*** Opening of DATASET SECTION ***
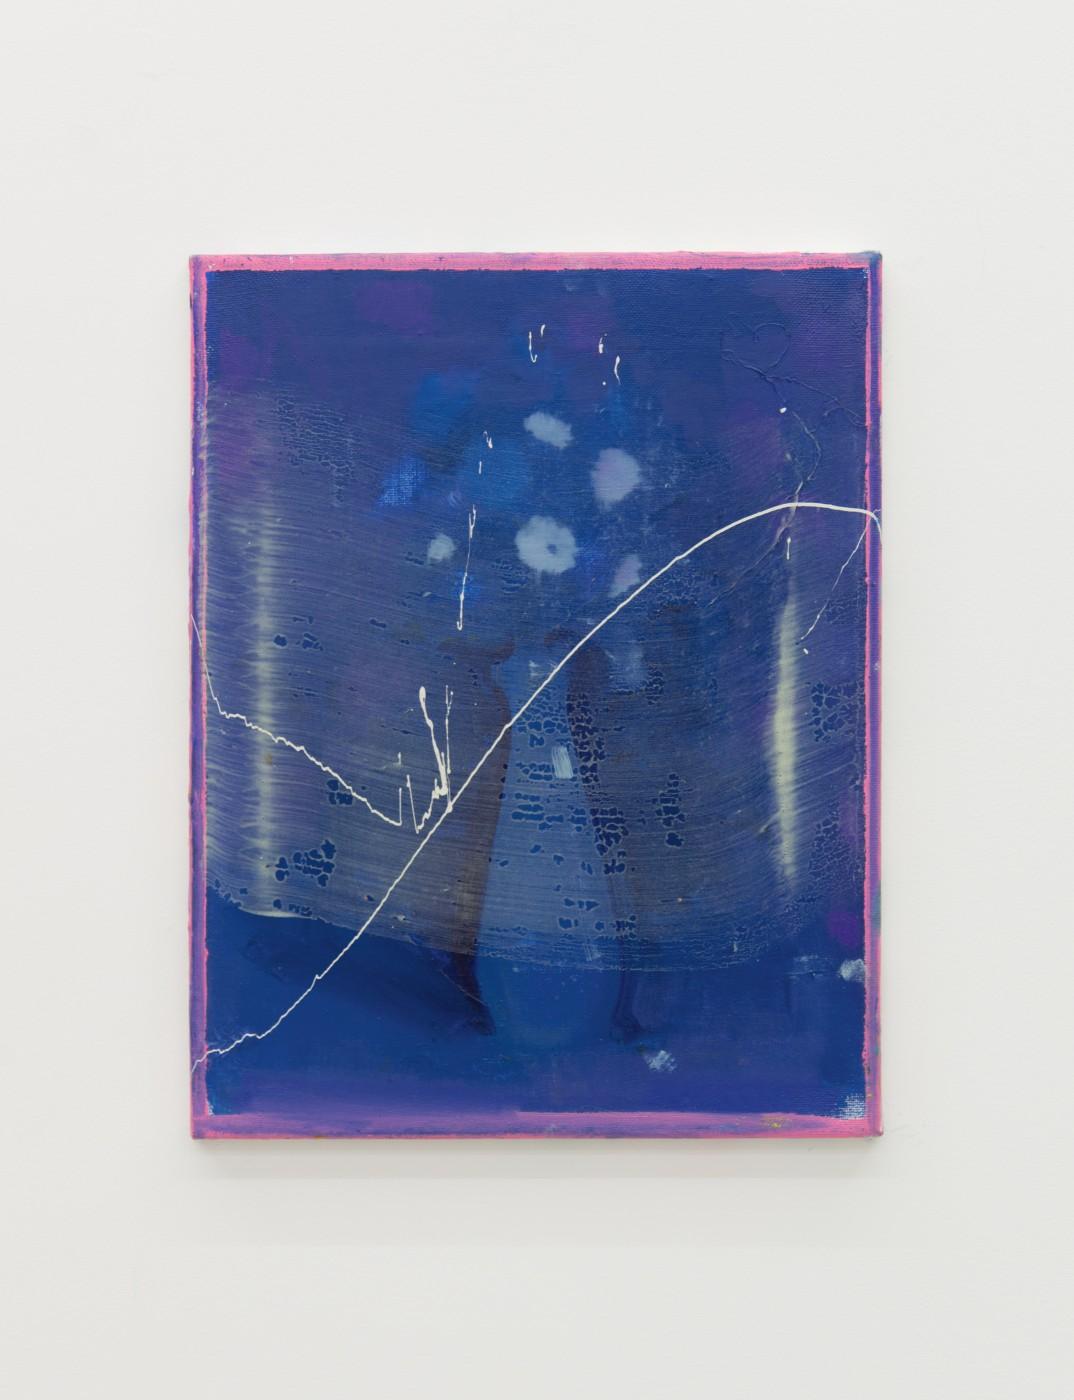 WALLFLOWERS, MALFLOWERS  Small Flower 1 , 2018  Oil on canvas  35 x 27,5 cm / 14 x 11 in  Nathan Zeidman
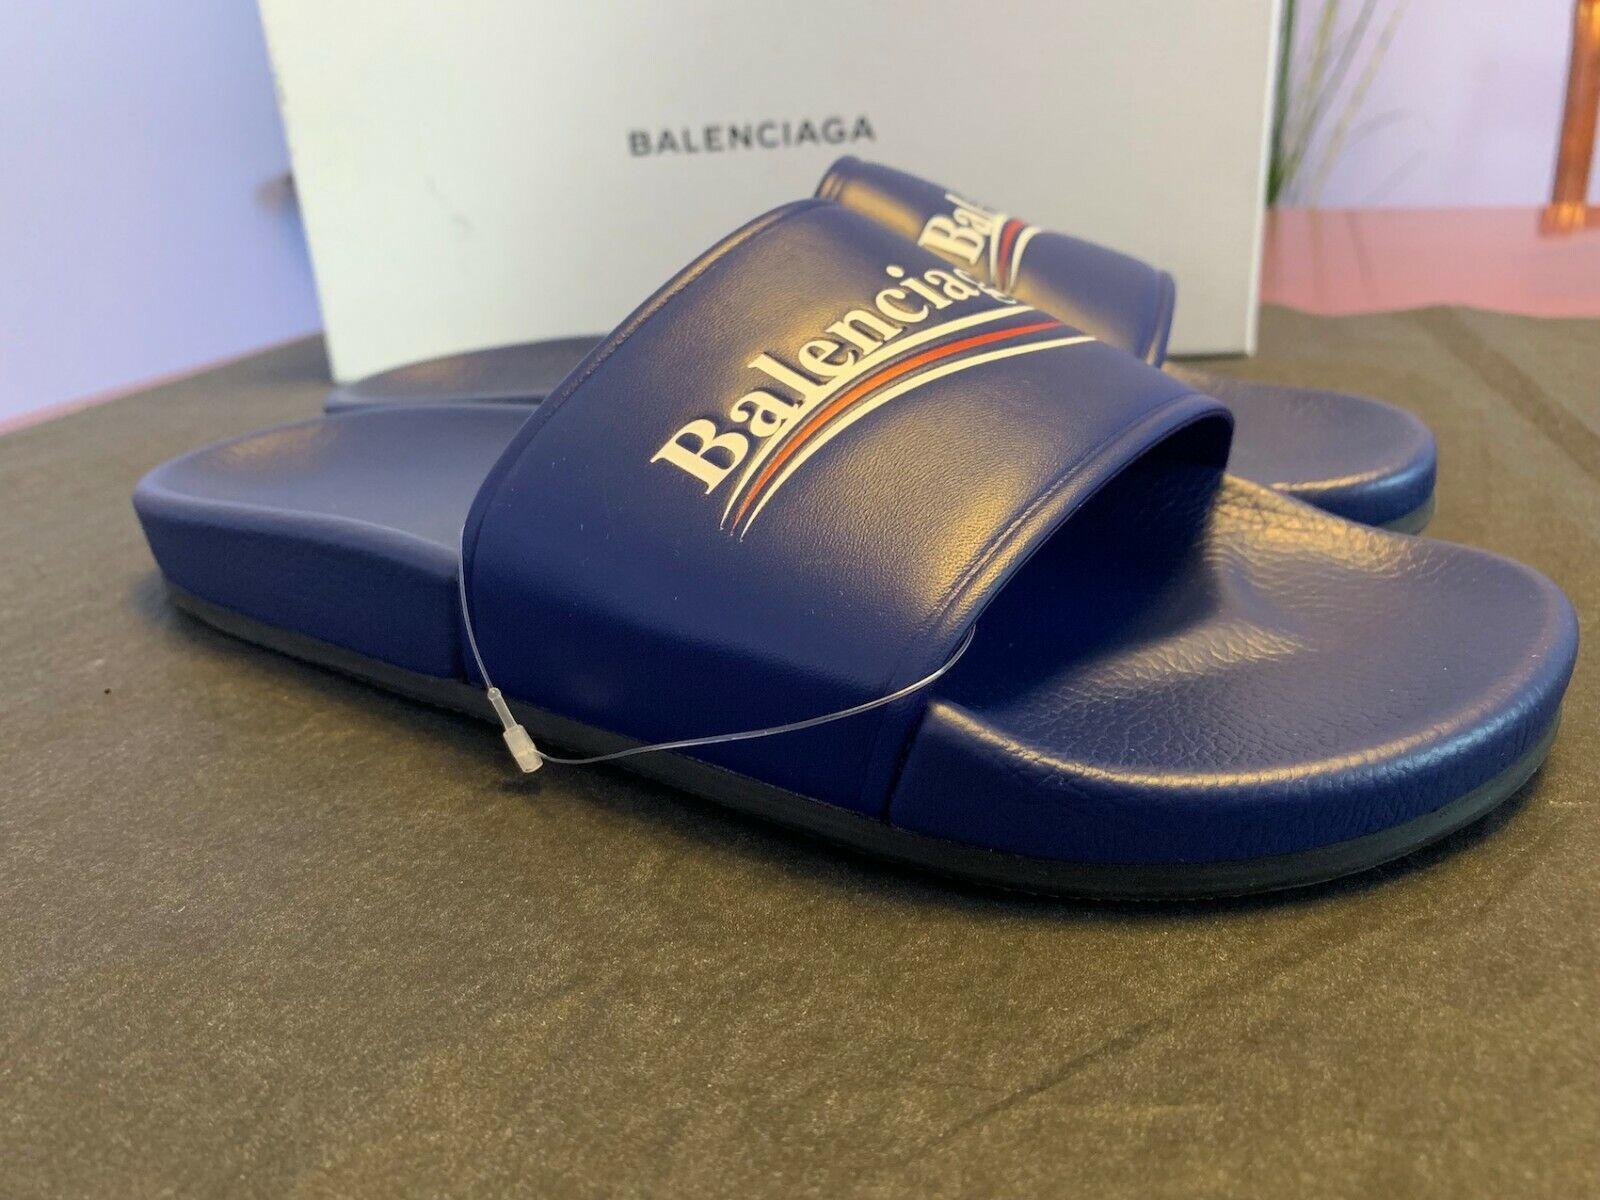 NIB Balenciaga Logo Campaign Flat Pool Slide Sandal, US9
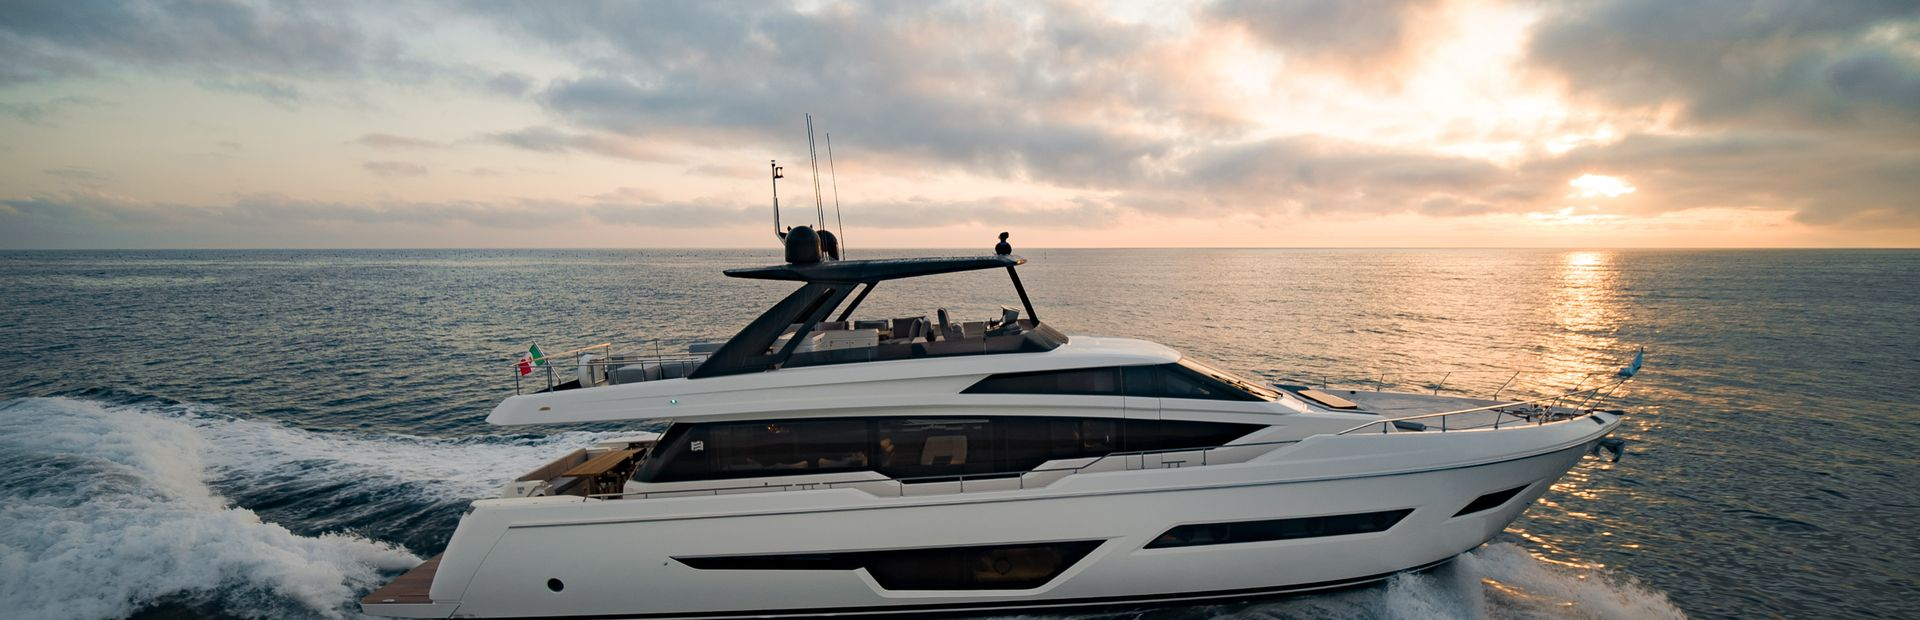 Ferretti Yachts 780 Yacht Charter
*** Close of DATASET SECTION ***
- [WHAT YOU NEED TO DO] Your copy should match the data above exactly, apart from the pictures.

- [ANSWER SPACE]
 WALLFLOWERS, MALFLOWERS  Small Flower 1 , 2018  Oil on canvas  35 x 27,5 cm / 14 x 11 in  Nathan Zeidman
 NIB Balenciaga Logo Campaign Flat Pool Slide Sandal, US9
 Ferretti Yachts 780 Yacht Charter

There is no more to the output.